The Bar has abandoned a plan to levy a tax on high-earning barristers to help pay for less well-off lawyers to join the profession.

A backlash by some of the most profitable chambers in the Temple led the Bar to rethink its proposals for ending the dominance of the rich and middle classes among its new membership.

In July a report by Sir Robin Mountfield, a former permanent secretary at the Cabinet Office, recommended that barristers contribute 0.25 per cent of gross income, if earning between £100,000 and £250,000, or 0.5 per cent for those earning more than £250,000, towards a scholarship scheme. For a barrister on gross earnings of £100,000, the cost would be £5 a week.
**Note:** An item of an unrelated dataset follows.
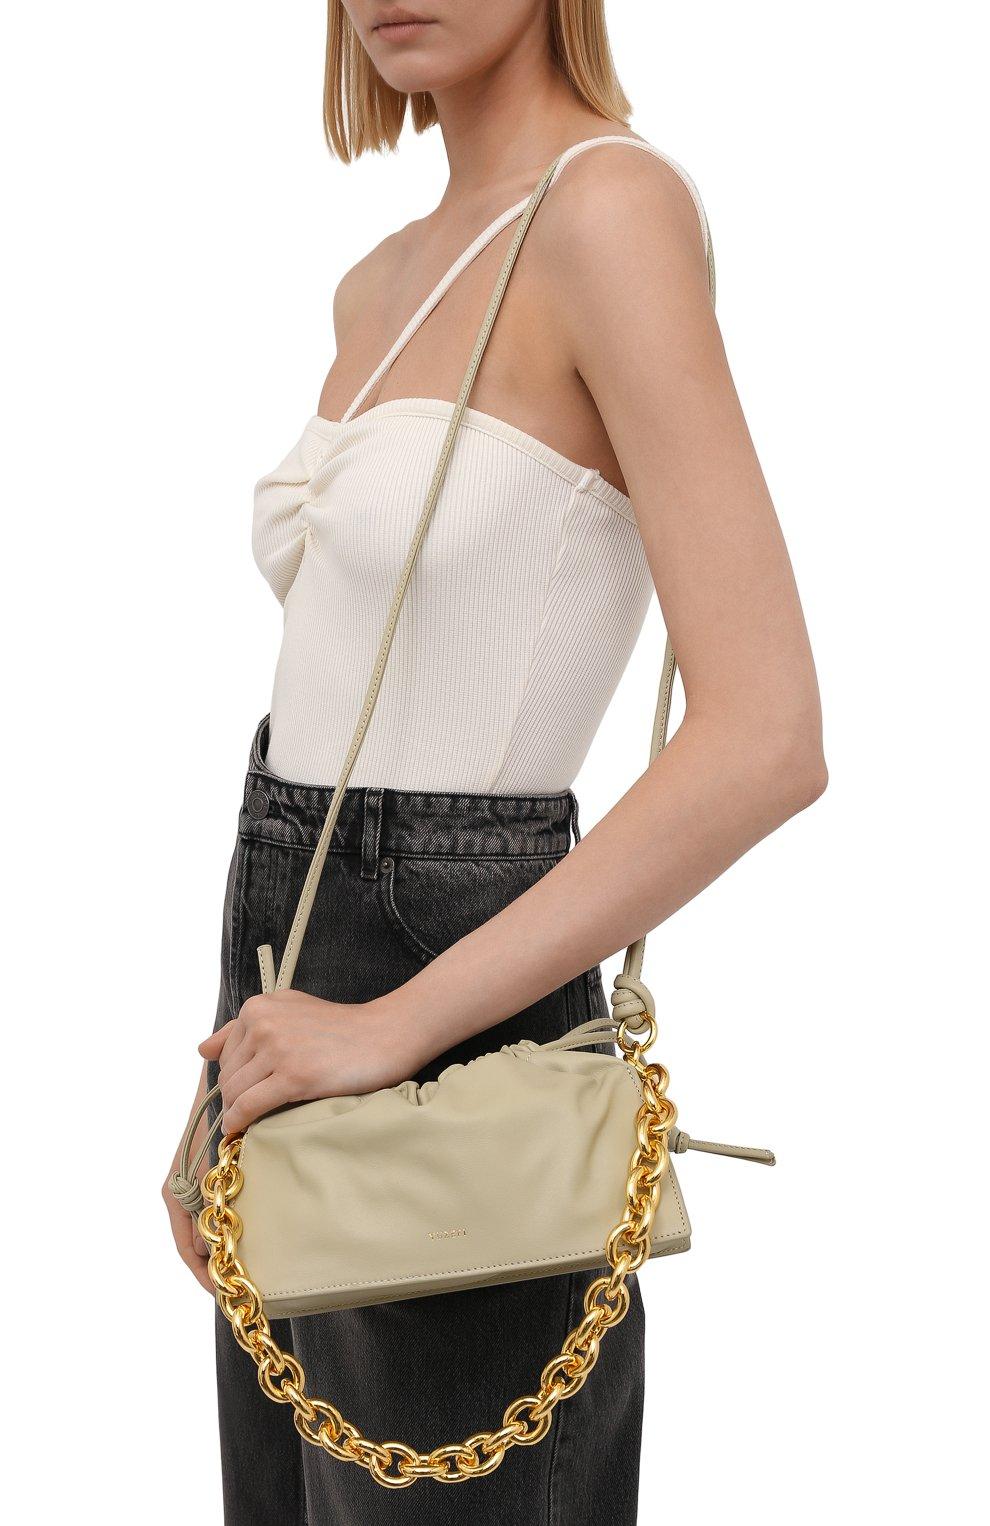 Женская сумка bom YUZEFI светло-зеленого цвета, арт. YUZIC0-HB-B0-13 | Фото 5 (Сумки-технические: Сумки top-handle; Материал: Натуральная кожа; Ремень/цепочка: На ремешке; Размер: small)
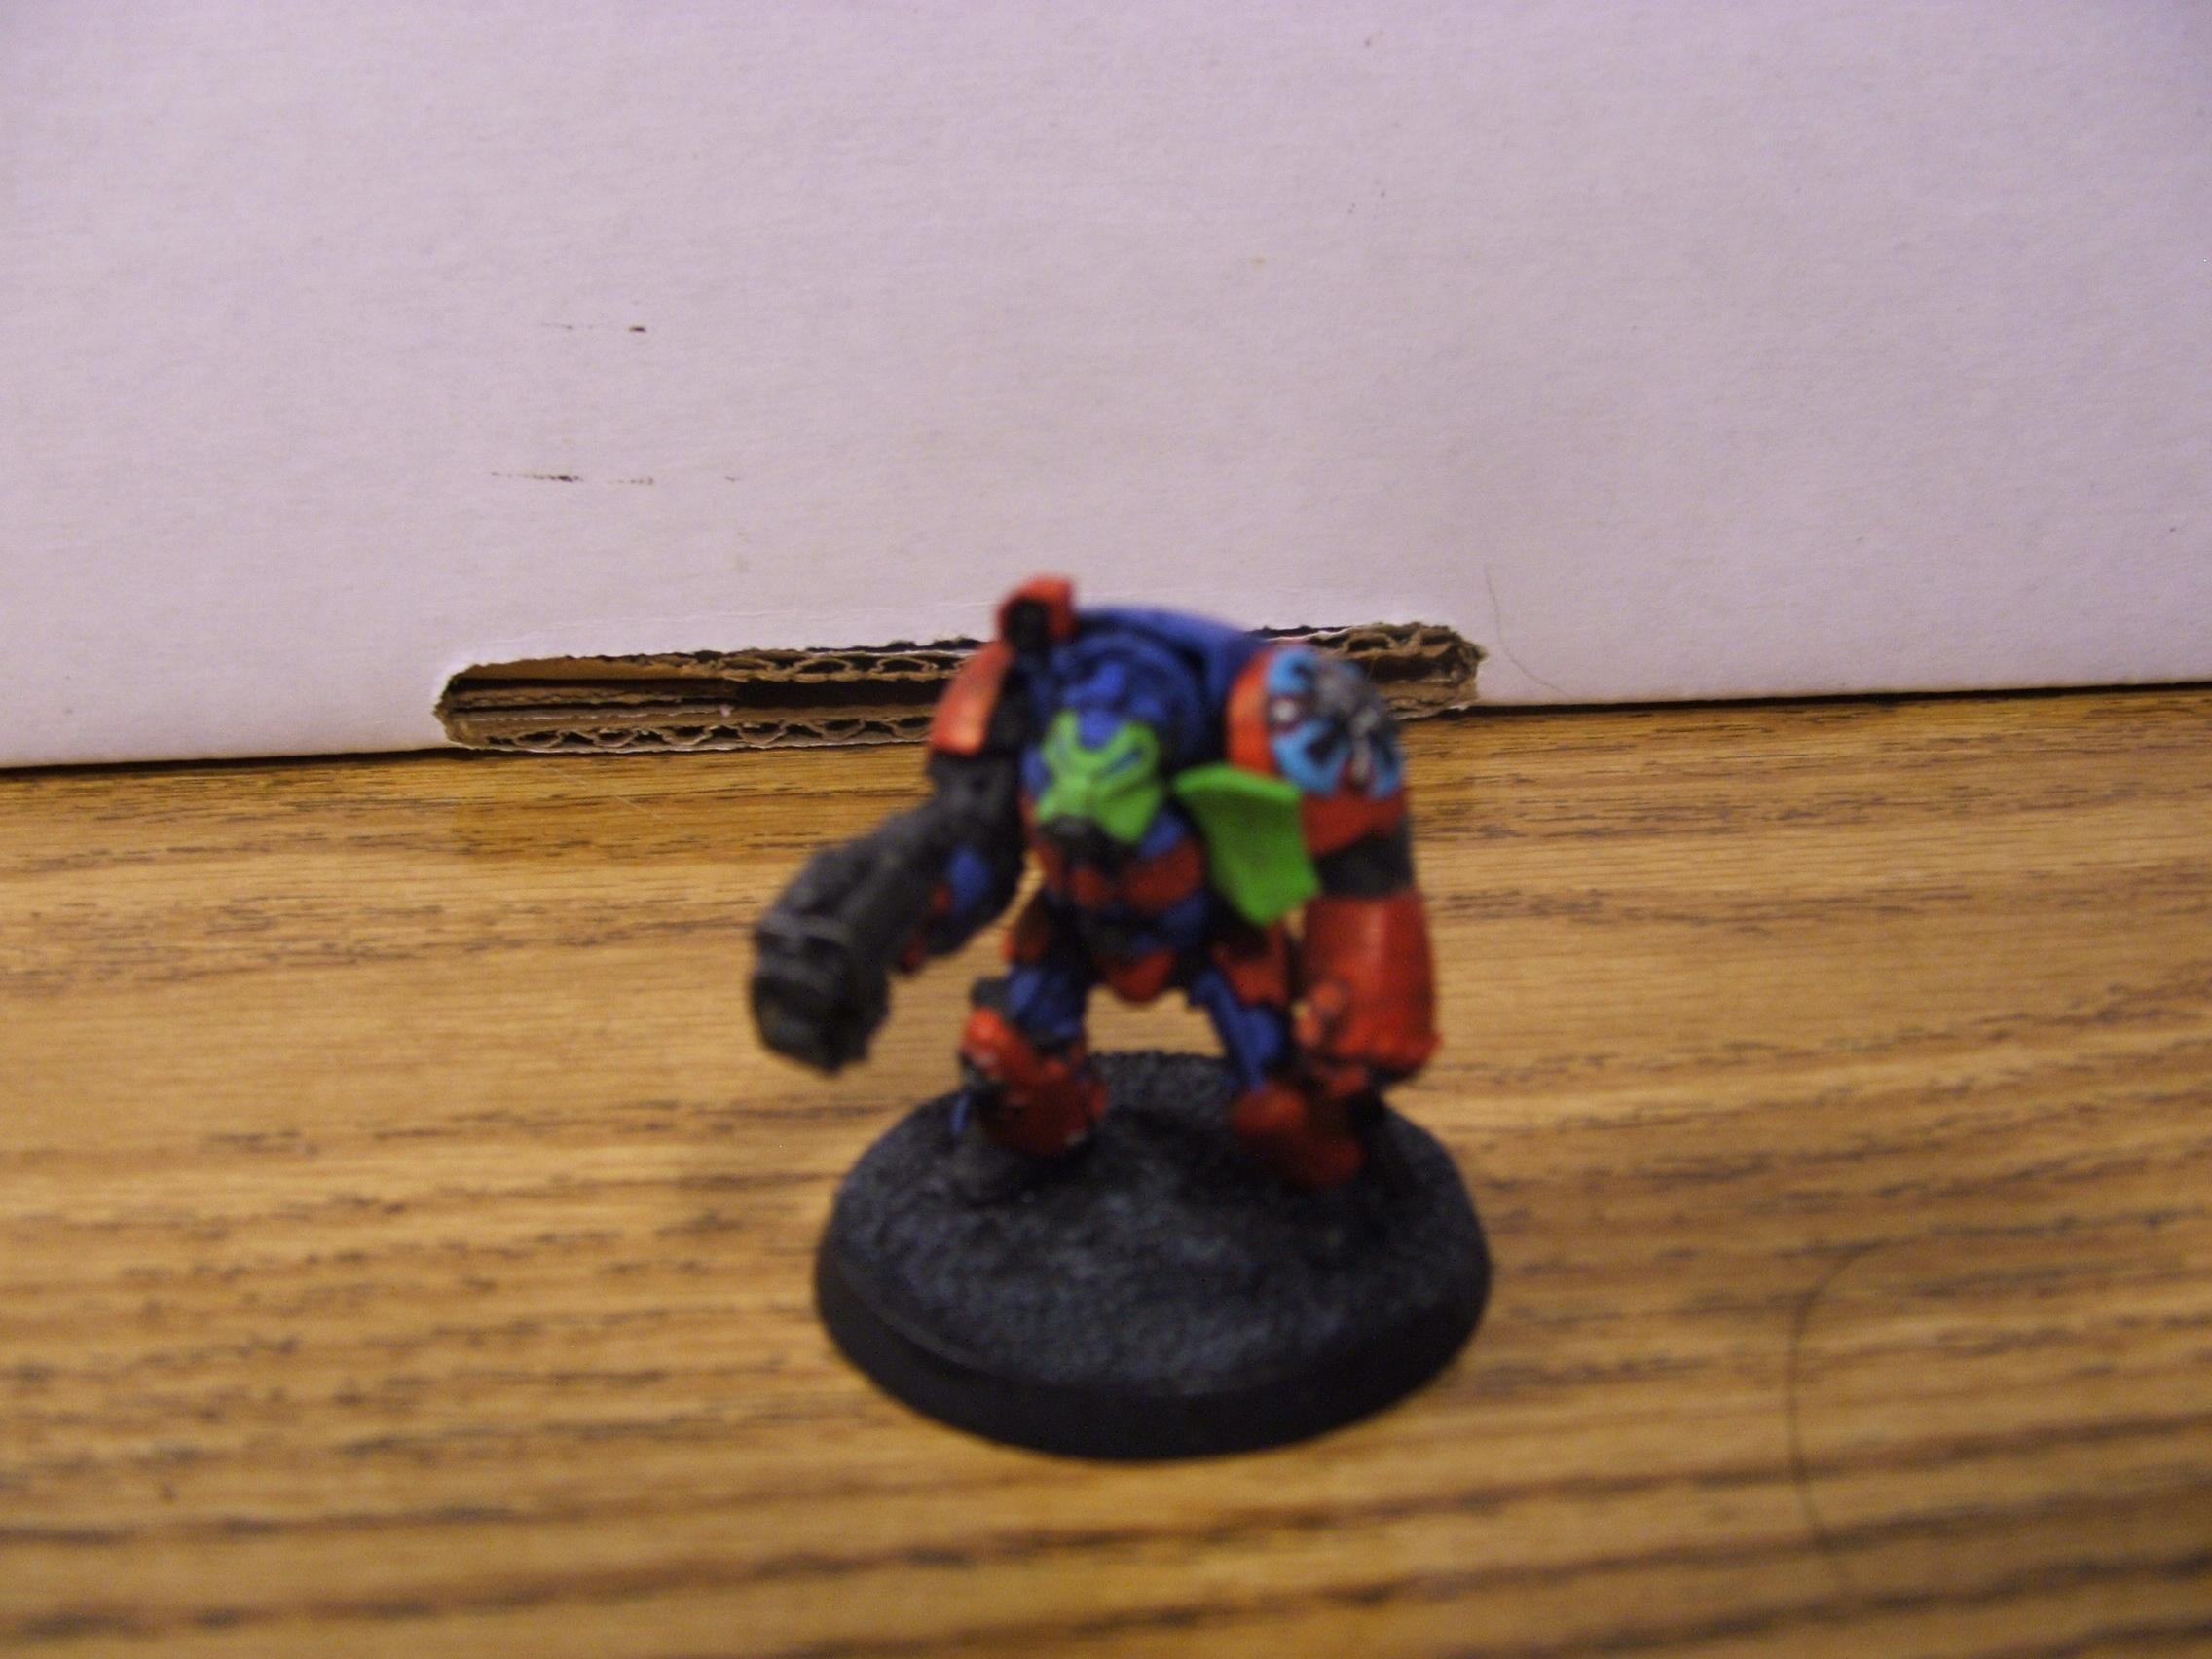 Blurred Photo, Space Marines, Tda, Terminator Armor

Sir Robin said the Bar's competitors – solicitors and accountants – all offered generous packages for training and guaranteed jobs afterwards.

But yesterday, the Bar's chairman, David Bean QC, announced that the Bar Council had rejected the proposed "Robin Hood" charge on higher-earning barristers because it had not received the backing of the whole of the Bar.

It is understood that the big commercial sets of chambers argued that they already paid large sums towards training and were not prepared to subsidise other chambers.

Mr Bean said: "While Mountfield's preferred solution will not, in the event, now be implemented, the debate it sparked has pushed this issue of access to the profession to the top of the Bar's agenda."

He added: "I regard the issue as one of great importance to the future of the Bar and it is vital that a solution is agreed in the next four months."

Instead, a meeting of the Bar Council in London resolved to review the problems associated with the cost of entry to the profession and to bring forward proposals to address the issue by July 2003.

In a motion passed by 78 votes to 1 the Bar Council said it recognised that entry to the profession should be based on merit alone and that able students should not be inhibited by financial constraints from joining the profession.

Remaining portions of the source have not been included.